Assim, o ser humano, outrora assustado e submetido o inexorável poder de um Deus cuja Igreja católica é seu representante na Terra e se utiliza da cosmologia aristotélica transformada em doutrina como forma de explicação do mundo, começa a se libertar. É o renascimento e o homem renascentista é livre sem ser preciso ser religioso ou nobre, basta que seja rico. A liberdade do homem se reflete no seu conceito de universo, a igreja reage, e perde.

Enquanto os artesãos produzem técnicas e instrumentos cada vez mais importantes para a estrutura econômica e social europeia, os filósofos, na trilha de Copérnico, pesquisam uma nova ordem no universo outrora aristotélico. É nesse cenário que surge Kepler, essencial no duelo entre a concepção copernicana e a concepção ptolomaica da astronomia e da física.
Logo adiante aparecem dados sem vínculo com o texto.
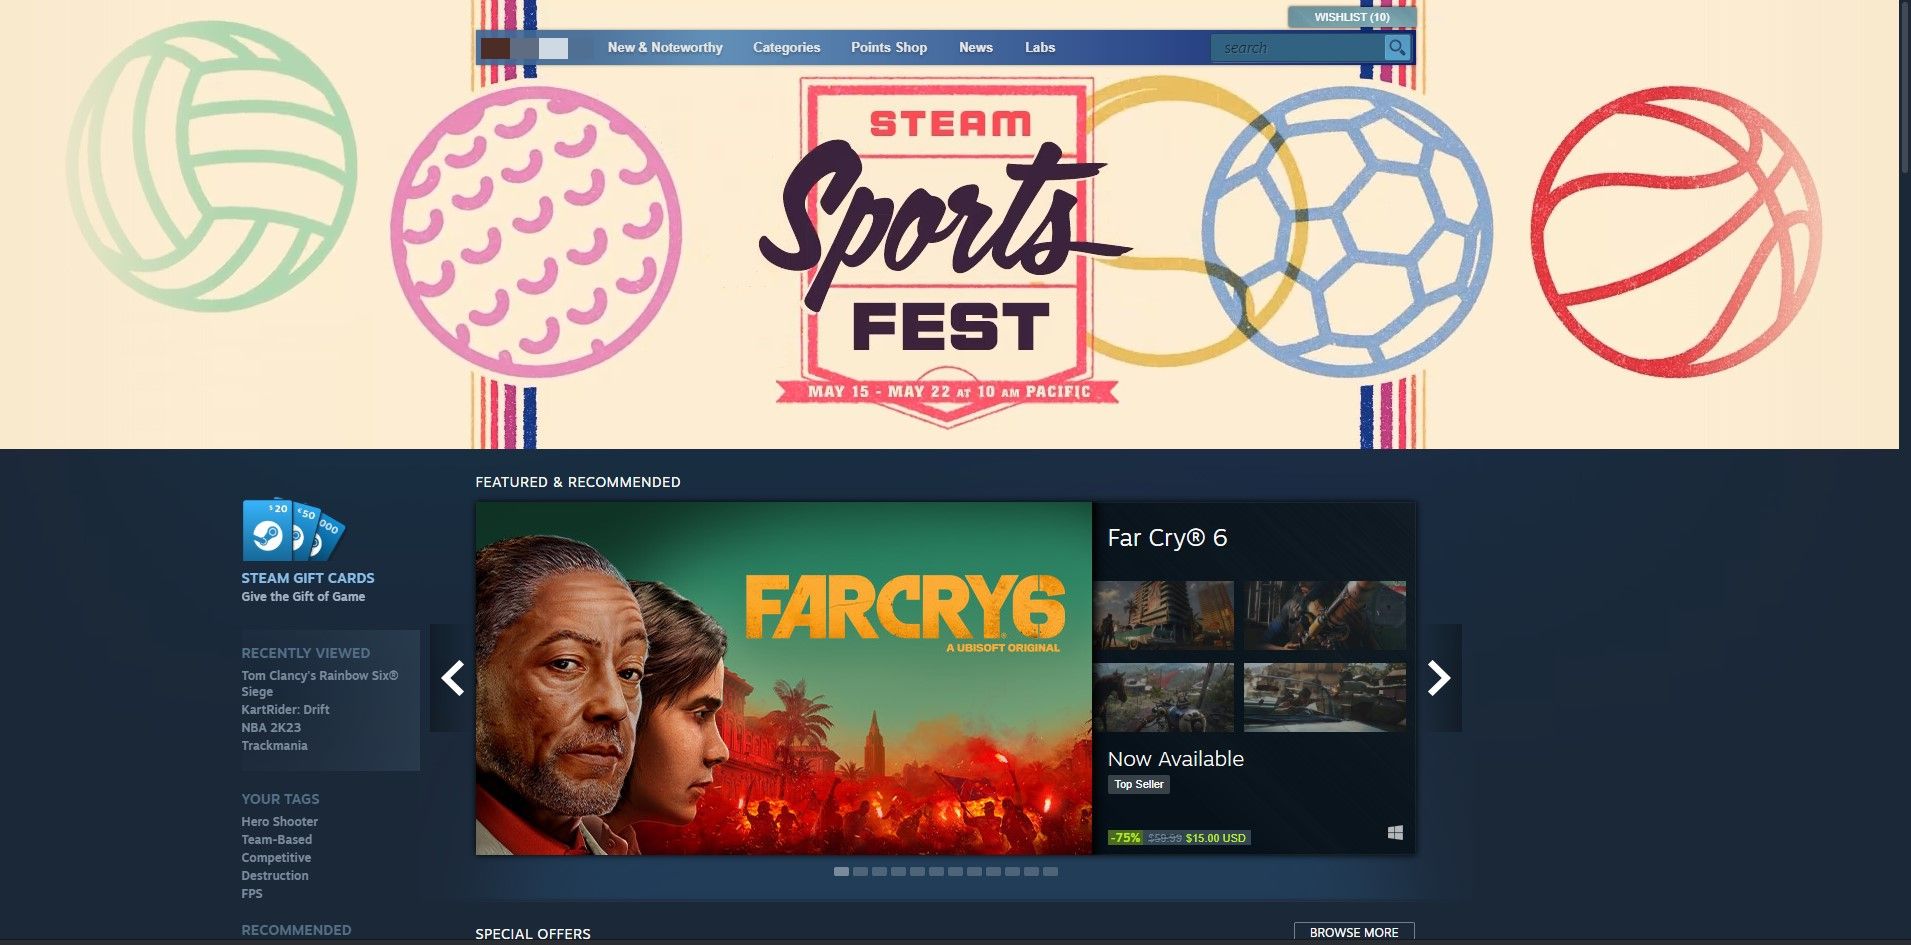 Screenshot Showing the Steam Home Page

Kepler, que, influenciado por Tycho Brahe, retoma a geometria das secções côncavas de Apolônio de Pérgamo (CHASSOT, 1994). Ele substitui o Cosmo de Aristóteles e Ptolomeu por um Universo regido por leis matemáticas estabelecidas por um Deus platônico (KOYRE, 1951). Nesse duelo, como ressalta Koyré (1973), o que importa é a substituição do Cosmo estruturado e hierarquizado de Aristóteles por um Universo regido pelas mesmas leis em toda a sua extensão. No entanto, para Koyré (1973), Kepler é um filósofo tipicamente renascentista cuja grande novidade é a ideia de que todo o universo é matemático e regido pelas mesmas leis, à maneira de Platão o Deus de Kepler constrói o mundo de forma geométrica.
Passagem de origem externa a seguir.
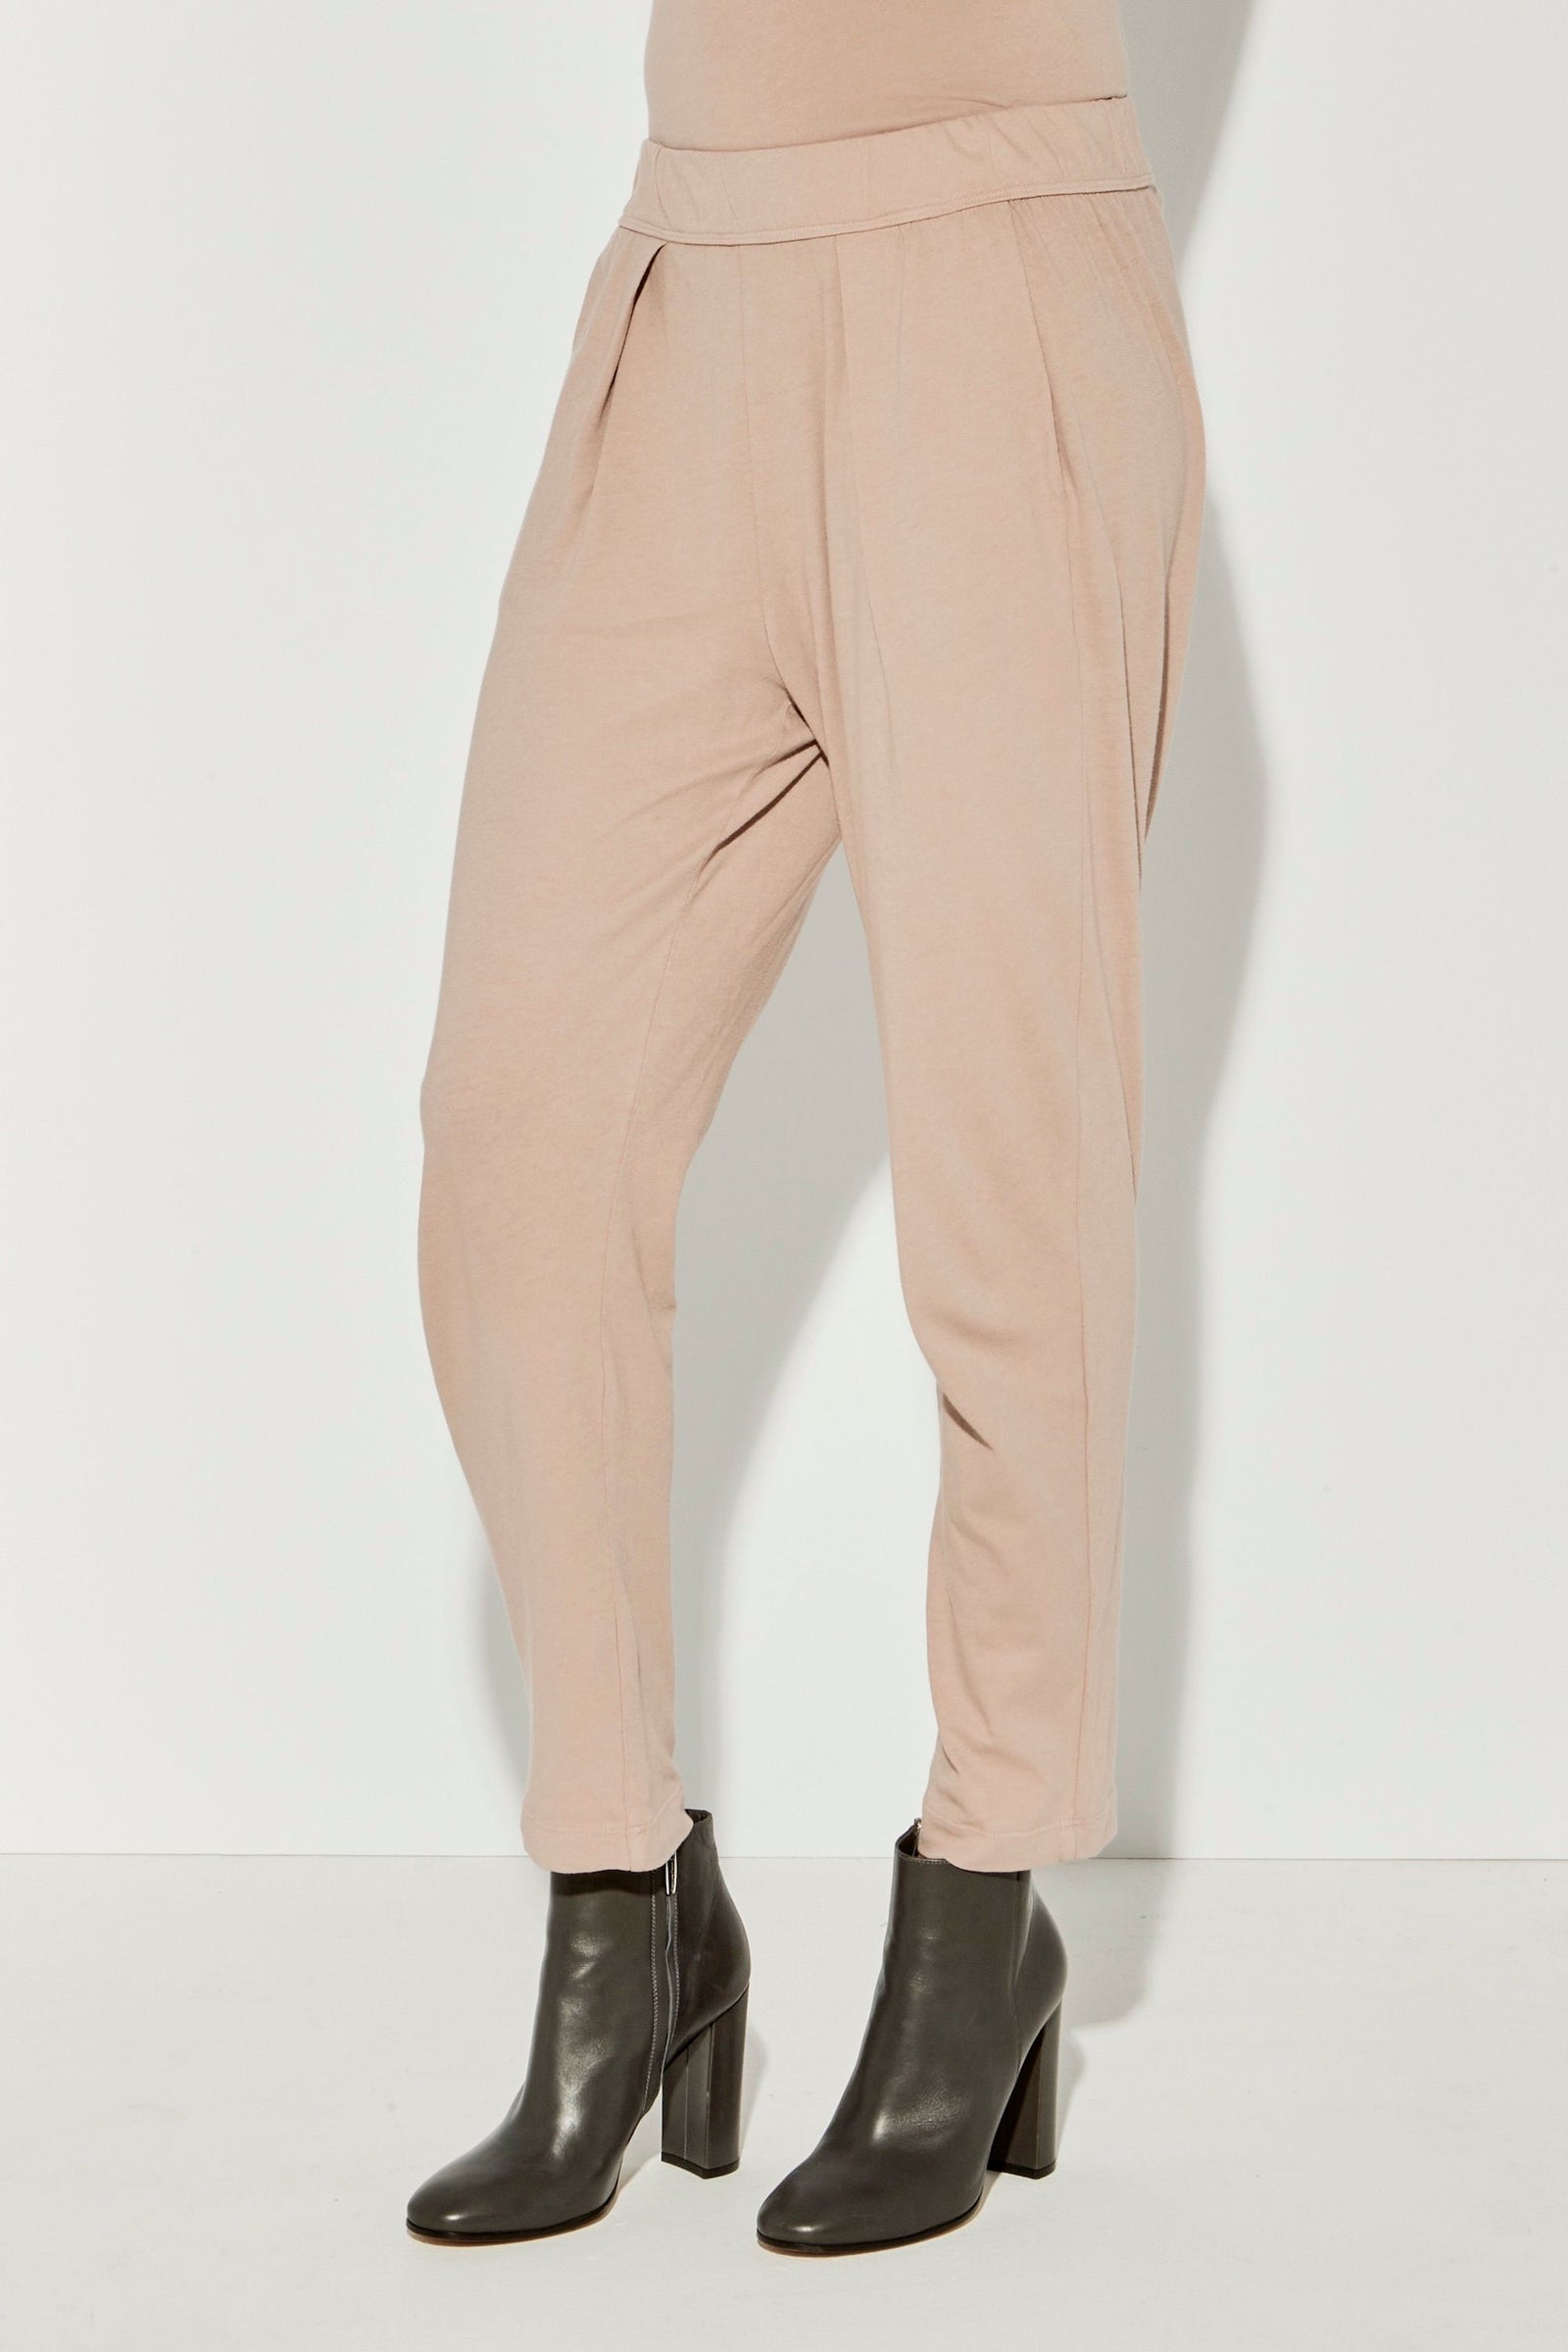 Petal Pink Classic Jersey Easy Pant Full Side View

Assim, a concepção do novo cosmo estava ―quase‖ pronta. Os filósofos renascentistas o elaboraram matemático e mensurável e os artesãos já possuíam técnicas para a construção de instrumentos capazes de medi-lo. A ideia da medida já amadurecera entre os geógrafos, os navegadores e os agrimensores. E, o modo de entender suas particularidades através da experimentação também já estava presente entre os navegadores, artistas e outros mestres artesãos (NASCIMENTO JÚNIOR, 2003).